My last romantic relationship ended in a snowstorm of practicalities. And in the midst of these — there was the question of who would take what, of how to sift one life from another by way of books divided, sentimental objects, the one beautiful Japanese knife we had bought one sunny afternoon, a knife we had named — there was also, to my surprise, a few pieces of advice sincerely imparted. I think it could be good for you, J said, exiting on some minor level — say from the bedroom to the hall — to live alone for a while.

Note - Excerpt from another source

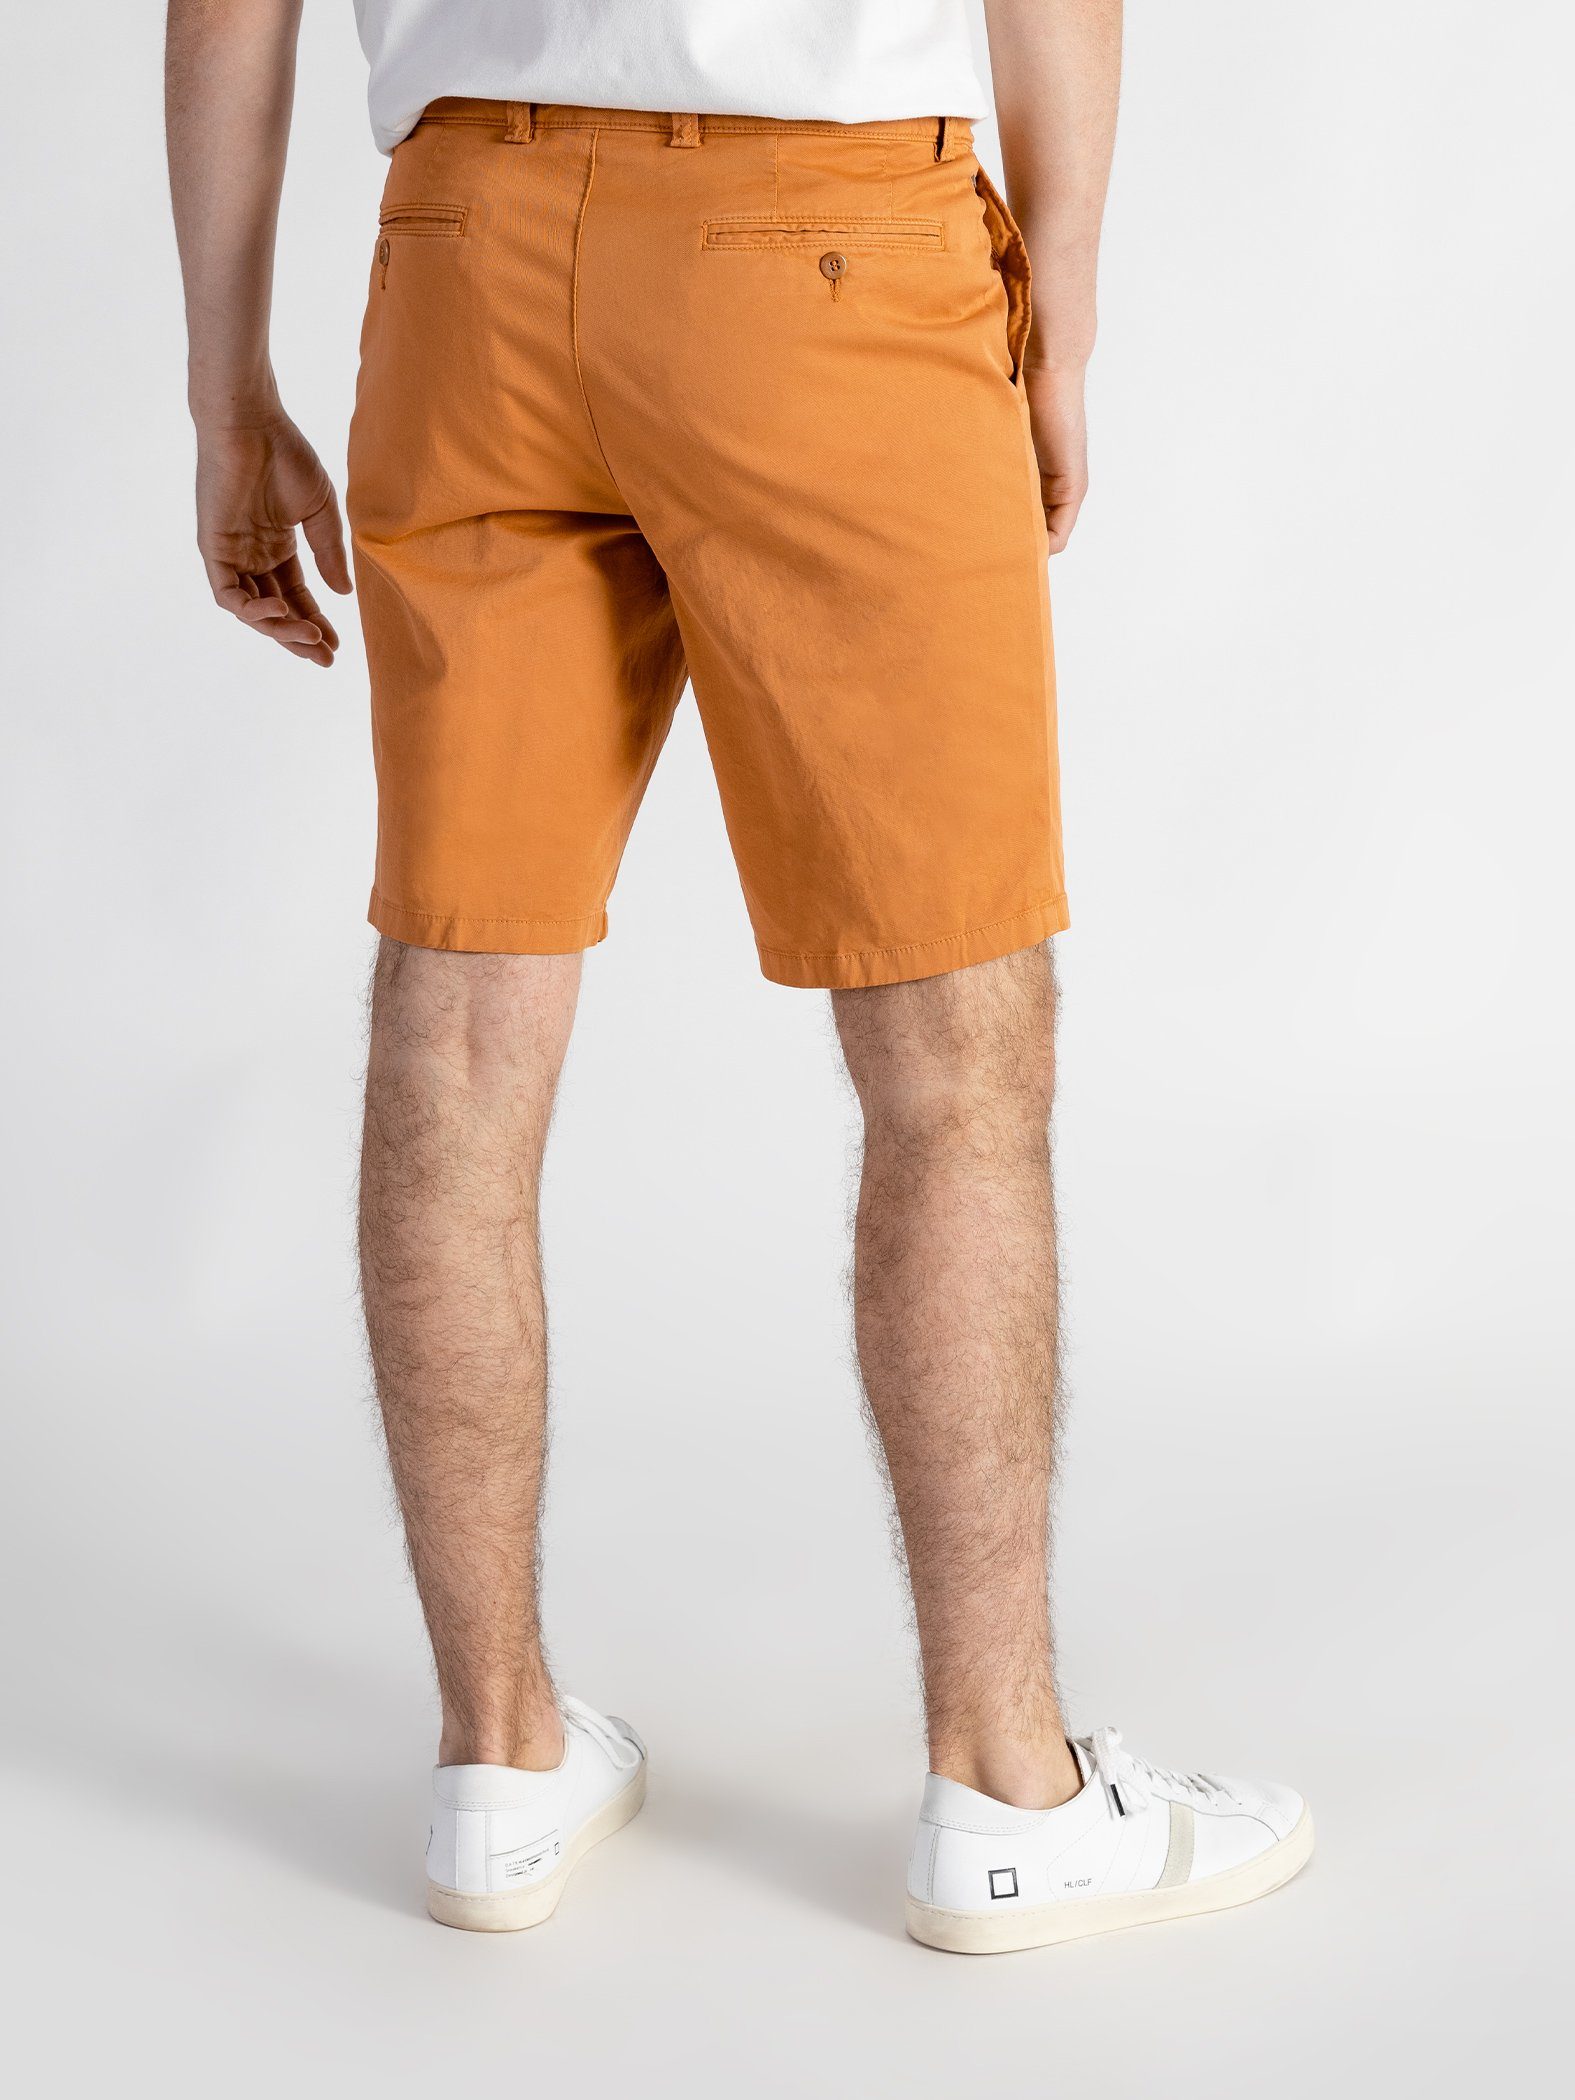 TwoMates Shorts Shorts mit elastischem Orange Farbauswahl, GOTS-zertifiziert Bund

“Alone,” of course, is a relative term — and one soaked to dripping with American enchantment. In this case, J had meant that it would be best for me to live solo, without roommates or housemates, taking on all the structural labor involved therein: the requisition of groceries, the endless repetitions of cleaning, the curt meditation of checking the mailbox daily. Perhaps he sensed something about the asceticism of such a life might cleanse me, prepare me for the future as a vow of silence prepares one for eventual speech. Or perhaps his vision was not about emptiness at all but was filled to bursting with a kind of cultural regalia, of “earning one’s stripes” in the cowboy sense, of entering a fiery rite-of-passage in order to emerge on the other side, panting and dishevelled, a full-blooded woman coated in the dirt of life.
Despite the fact that J and I are still close, that I might have done this at any time, I never asked him to clarify this intuition — whether he hoped I would find quietude or character-building squalor in my solitude. I only knew I also longed to be “alone,” whatever that meant. And after the car was packed and he had driven off and the house corner once dedicated to his double bass was bare again, almost bashfully empty, I sat on the mustard couch and stared into the black face of the television — where I could see vaguely my own rumpled face — and I felt the rest of my life begin.
Plenty has already been said about the American obsession with independence. If on one hand there are the modern pioneers, the entrepreneurs and the internet shut-ins, on the other hand there are the cultural critics who insist that art derives its greatest value from its newness, its fundamental breaking from the pack. The romantic vision of the individual emerges so naturally from the American milieu that just this year, we were graced with two versions of Beyoncé’s new album cover: one, in which she rides a crystal horse and glares challengingly at the camera, Lady Godiva remade. In the other, she rides a silver horse and wears a literal cowboy hat — not a lady, but a lone challenger riding into the saloon of contemporary music. Both are about her singularness. It is a story we crave, not only as vicarious pleasure but as a magic invocation we cast over ourselves — hoping that with enough repetition, enough fevered listening and learning of TikTok dances, the styling, brand-making and business pizzazz that is the end result of countless fussing professionals will emerge from ourselves, organic and whole, as Venus did from the froth: our very own uniqueness, a property as natural as our skin. The lie is that we can achieve the illusion of singularity on our own. The lie is that singularity has been anything, at any time, but an expensive story that never seems to bore us: a one-man play with an army of set designers, makeup artists, lighting designers, and sound designers scuttling like bugs, just out of sight.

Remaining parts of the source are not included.